- Work to complete -
Starting at the line that contains "Год крысы рисунки.", return every line through the end of the data exactly, without pictures.

- Dataset excerpt -

◇ ◇ ◇

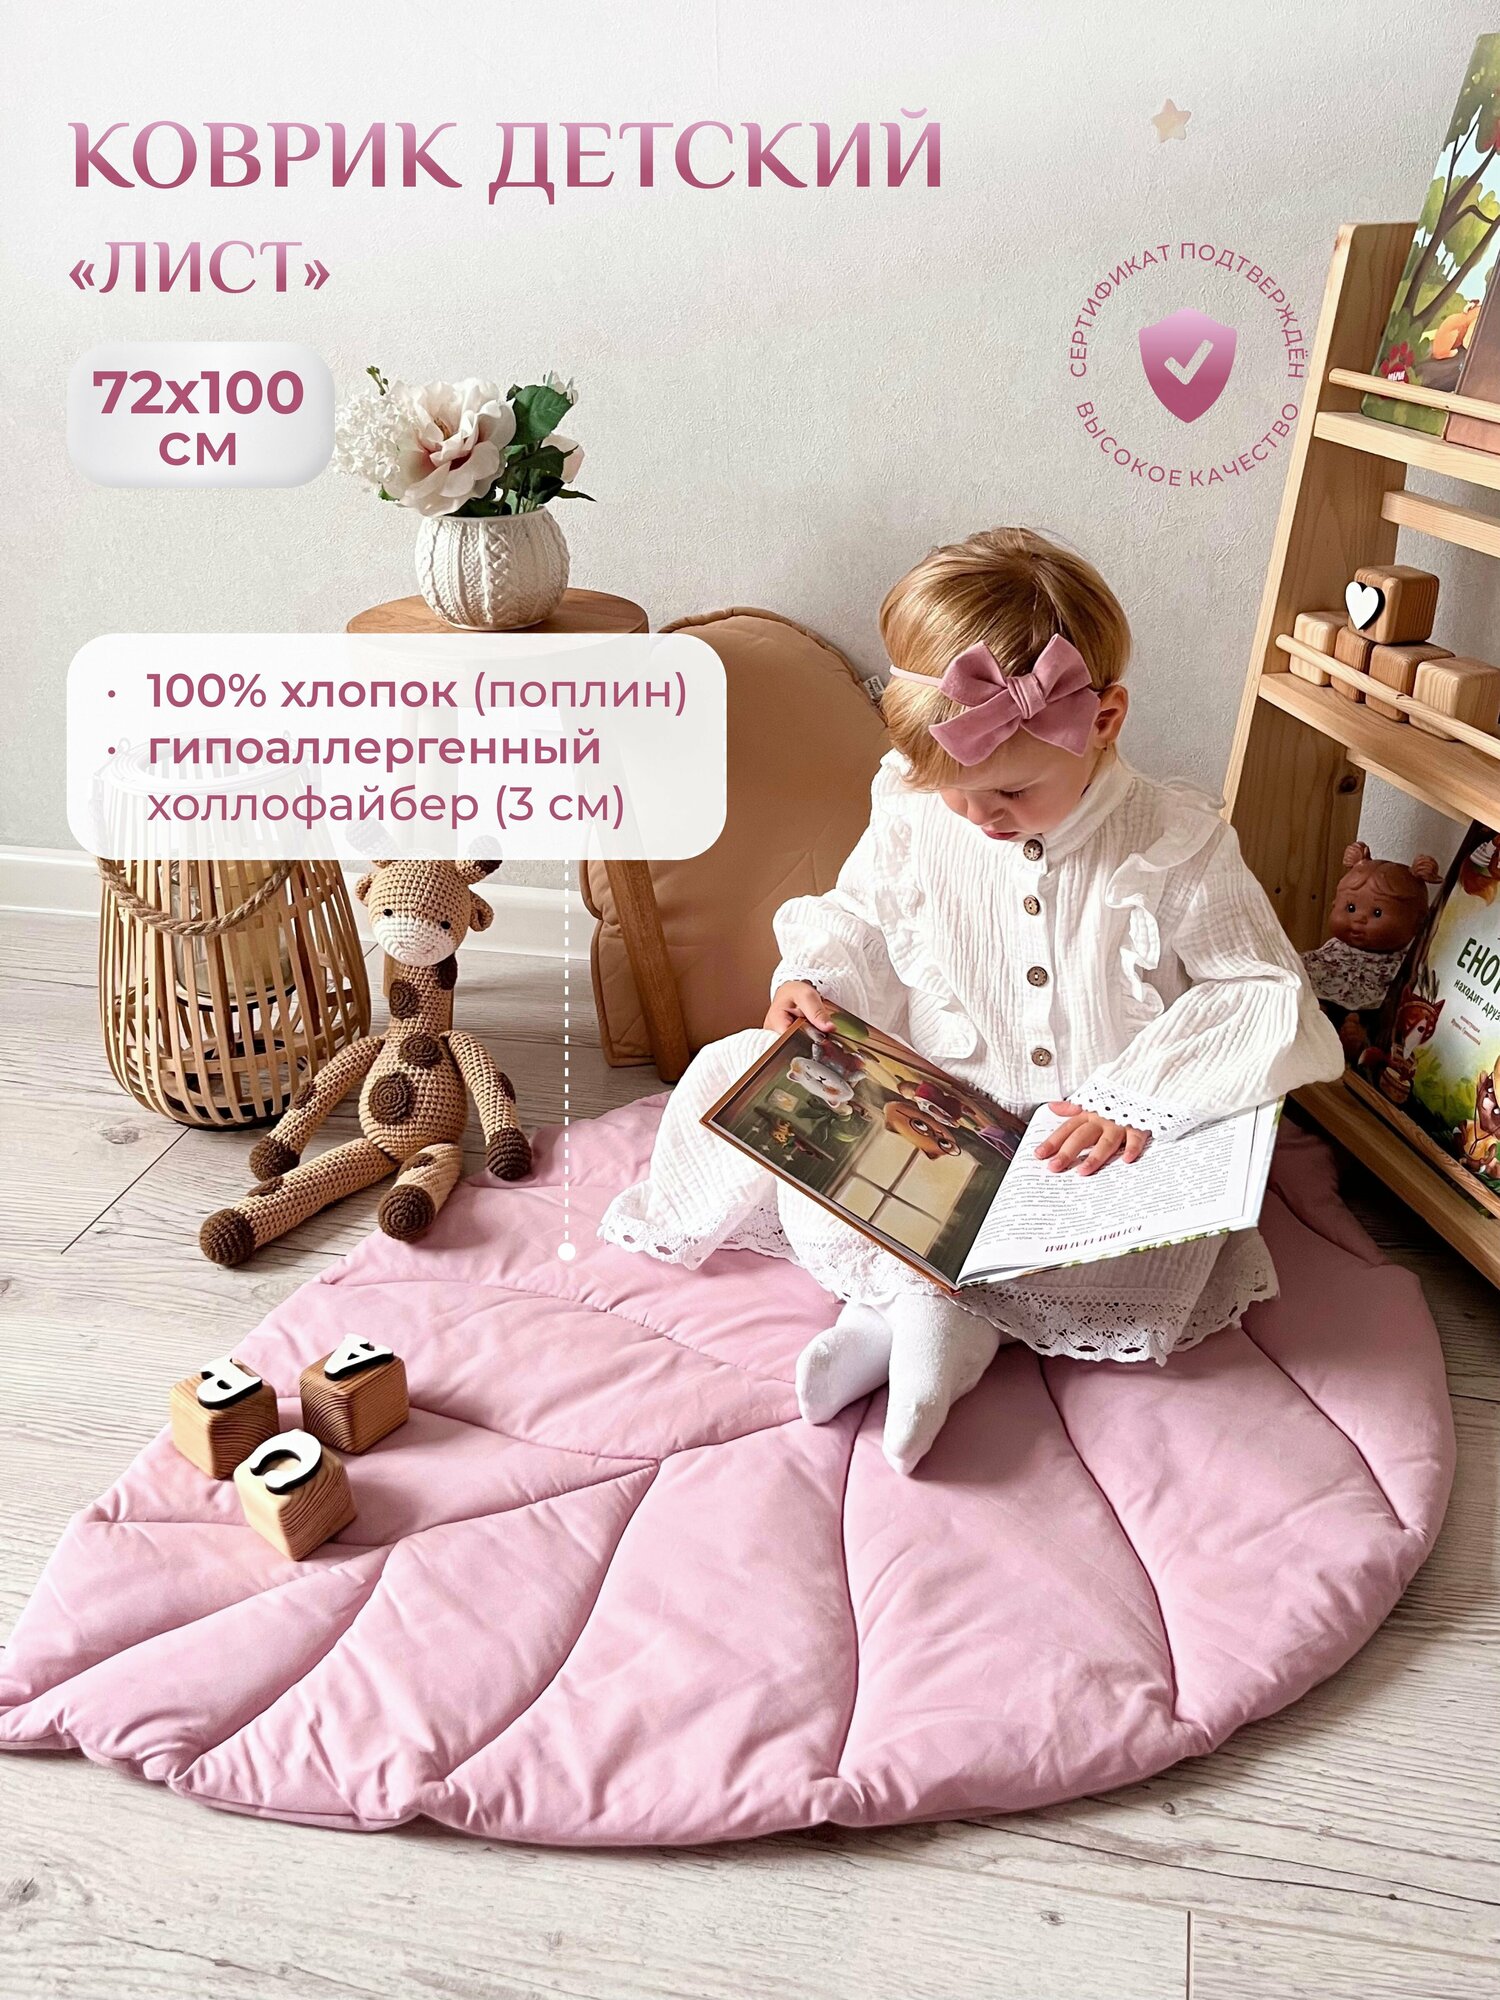 Коврик детский "Лист", Childrens-Textiles, 72*100 см, 100% хлопок, цвет: лилово-пудровый
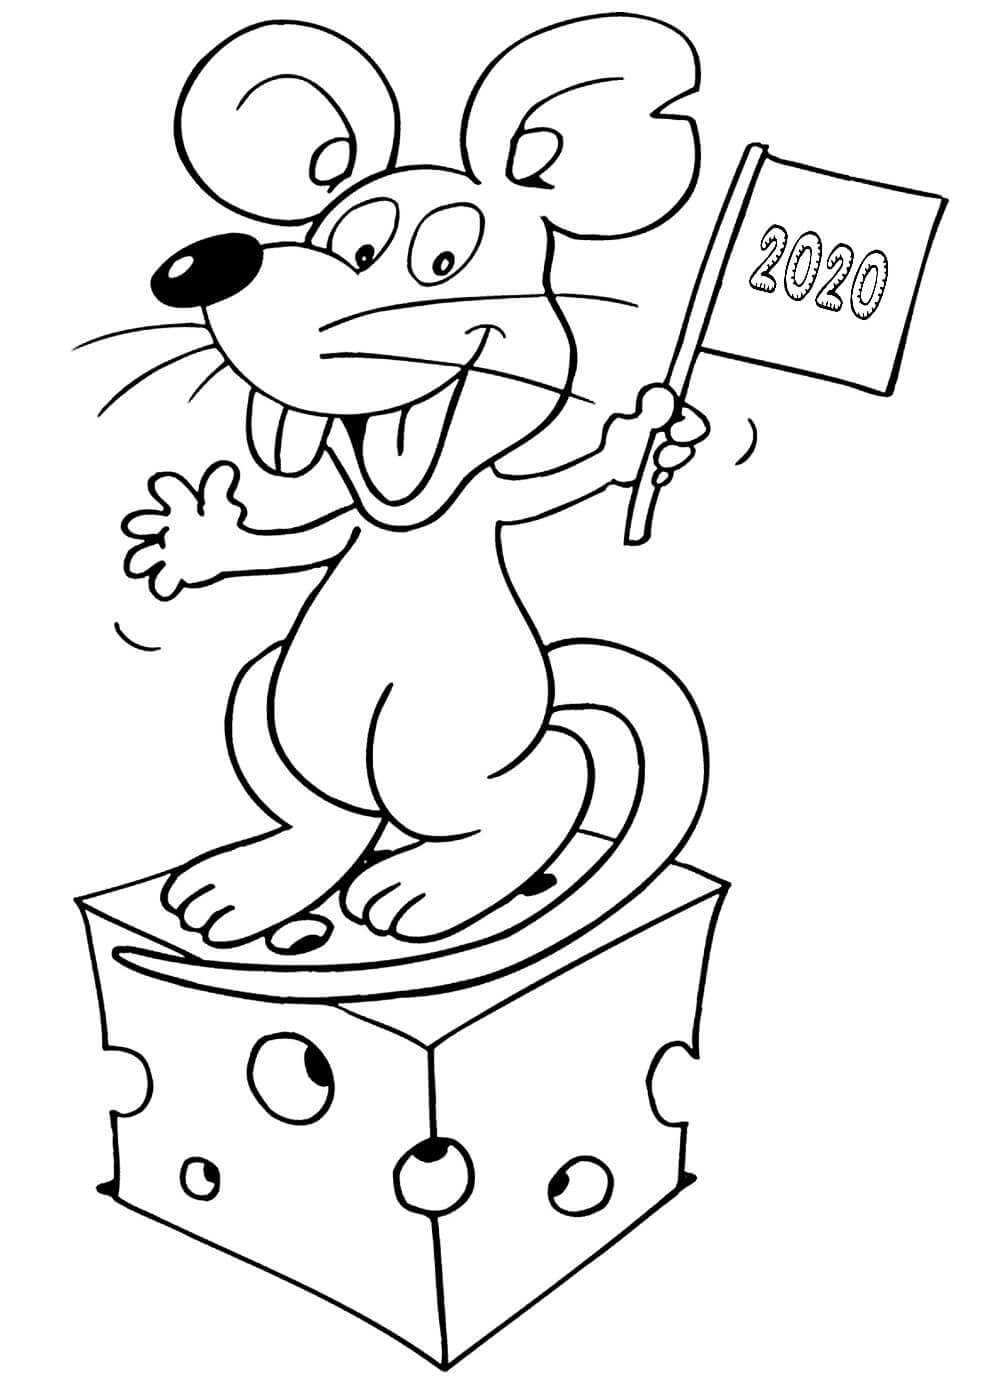 Год крысы рисунки. крыса рисунок карандашом. рисунок новогодняя крыса, белая крыса. смешные рисунки крыса. как нарисовать символ 2020 года - крысу. в статье подробно расписаны пошаговые инструкции для прорисовки символа 2020 года – крысы.
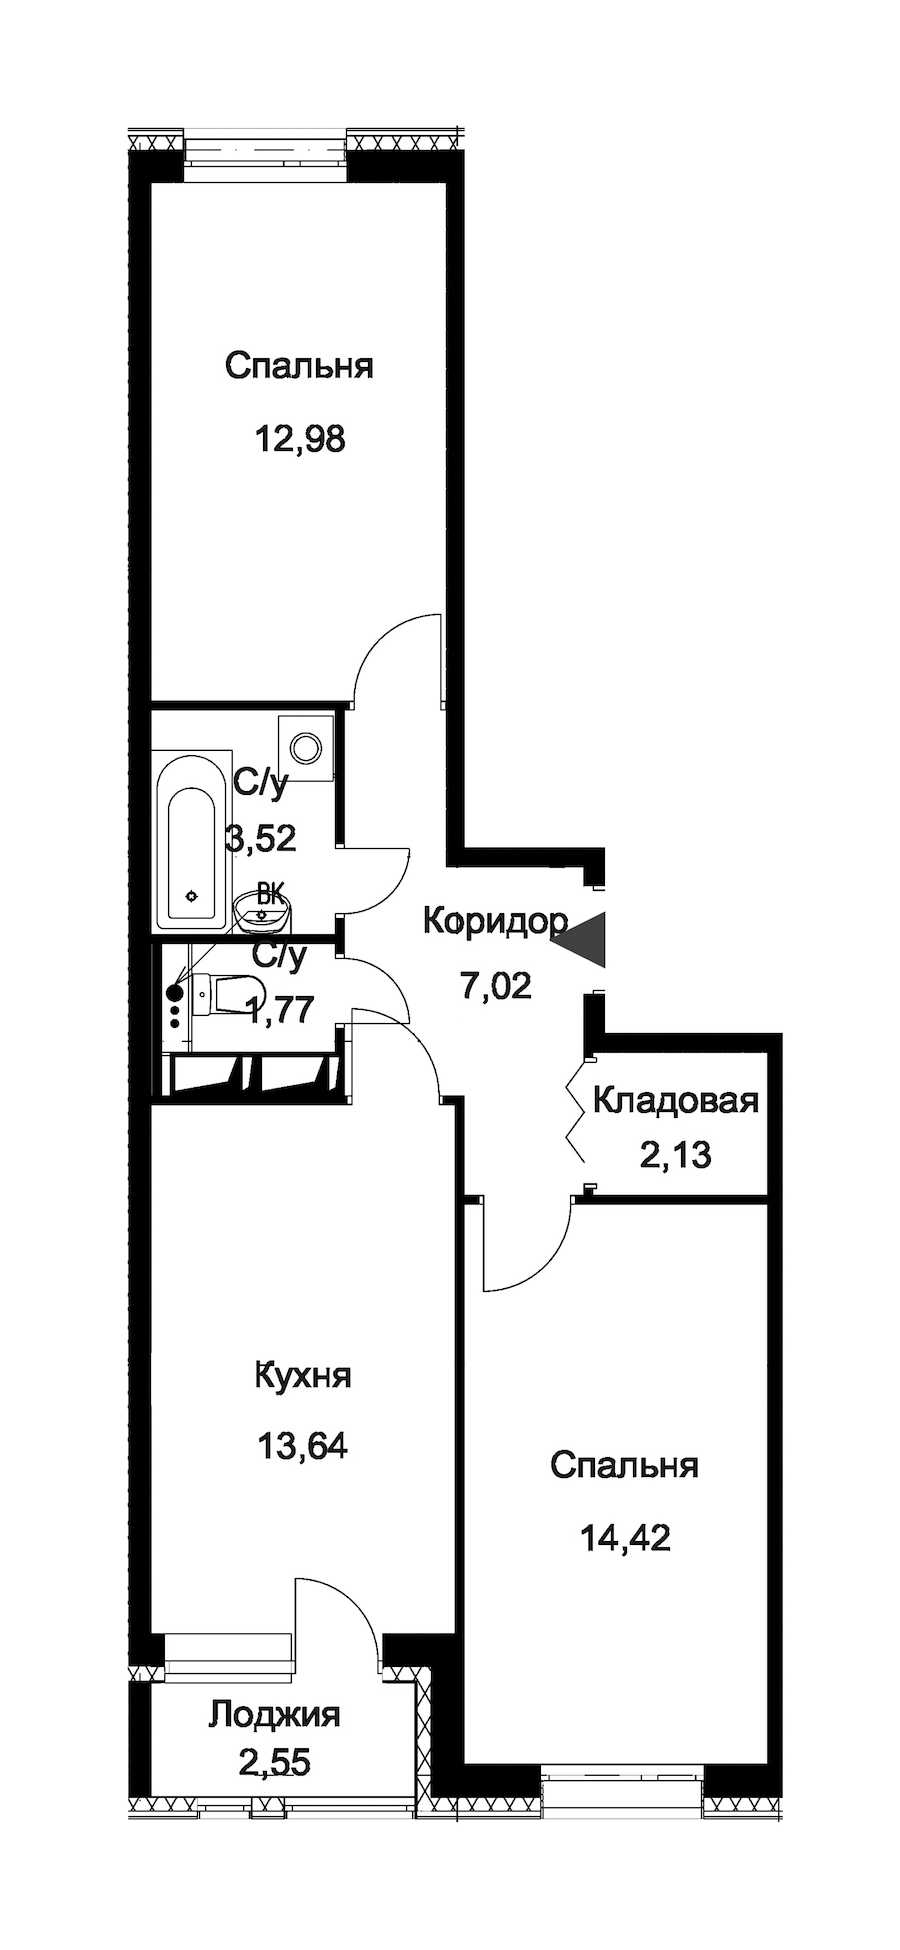 Двухкомнатная квартира в : площадь 56.76 м2 , этаж: 2 – купить в Санкт-Петербурге

◇ ◇ ◇

- Answer to this problem -
 Год крысы рисунки. крыса рисунок карандашом. рисунок новогодняя крыса, белая крыса. смешные рисунки крыса. как нарисовать символ 2020 года - крысу. в статье подробно расписаны пошаговые инструкции для прорисовки символа 2020 года – крысы.
 Двухкомнатная квартира в : площадь 56.76 м2 , этаж: 2 – купить в Санкт-Петербурге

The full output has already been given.